*** Opening of DATA LISTING ***

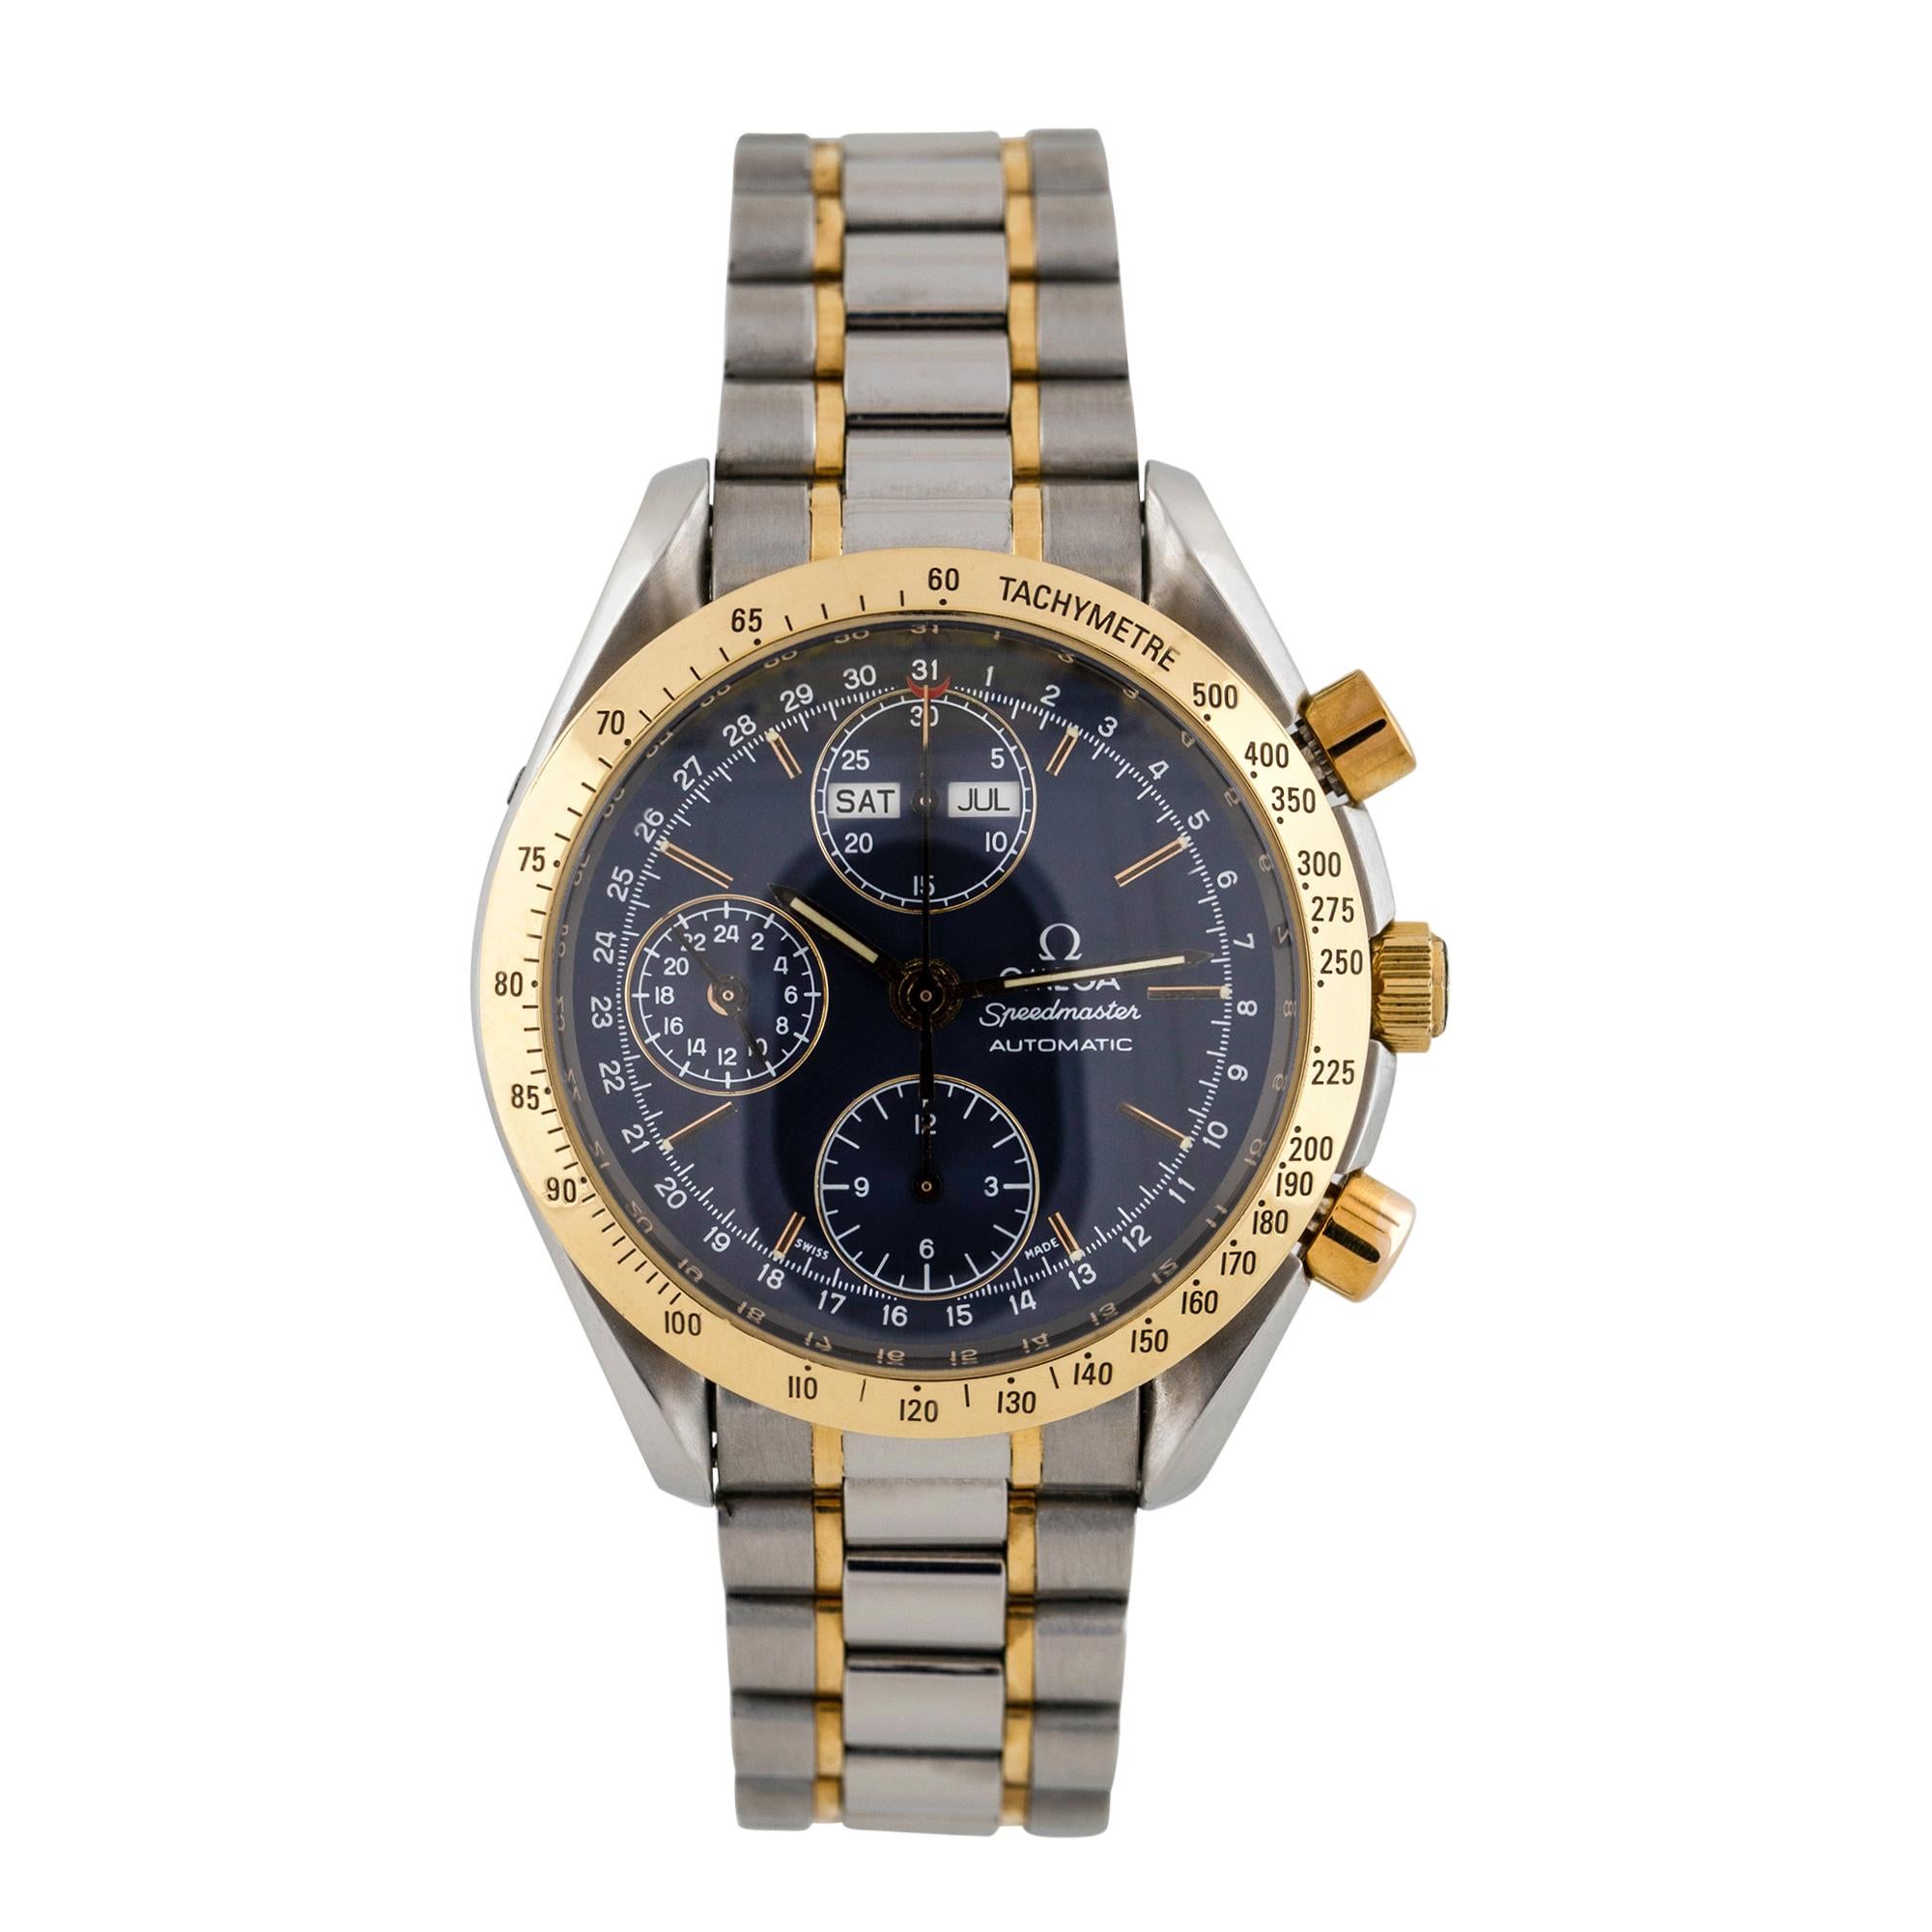 Brand: Omega
Model: Seamaster Day Date
Case Material: Stainless Steel
Case Diameter: 39mm
Crystal: Scratch resistant sapphire
Bezel: Yellow gold unidirectional Bezel
Dial: Blue chronographic dial with luminous gold hands and hour markers. Day and

*** Close of DATA LISTING ***

» AIM OF THE TASK: Please copy the line that contains "Case Diameter: 39mm" and each line after it through the end of the records, exactly, and no other lines.

» ANSWER AREA:
Case Diameter: 39mm
Crystal: Scratch resistant sapphire
Bezel: Yellow gold unidirectional Bezel
Dial: Blue chronographic dial with luminous gold hands and hour markers. Day and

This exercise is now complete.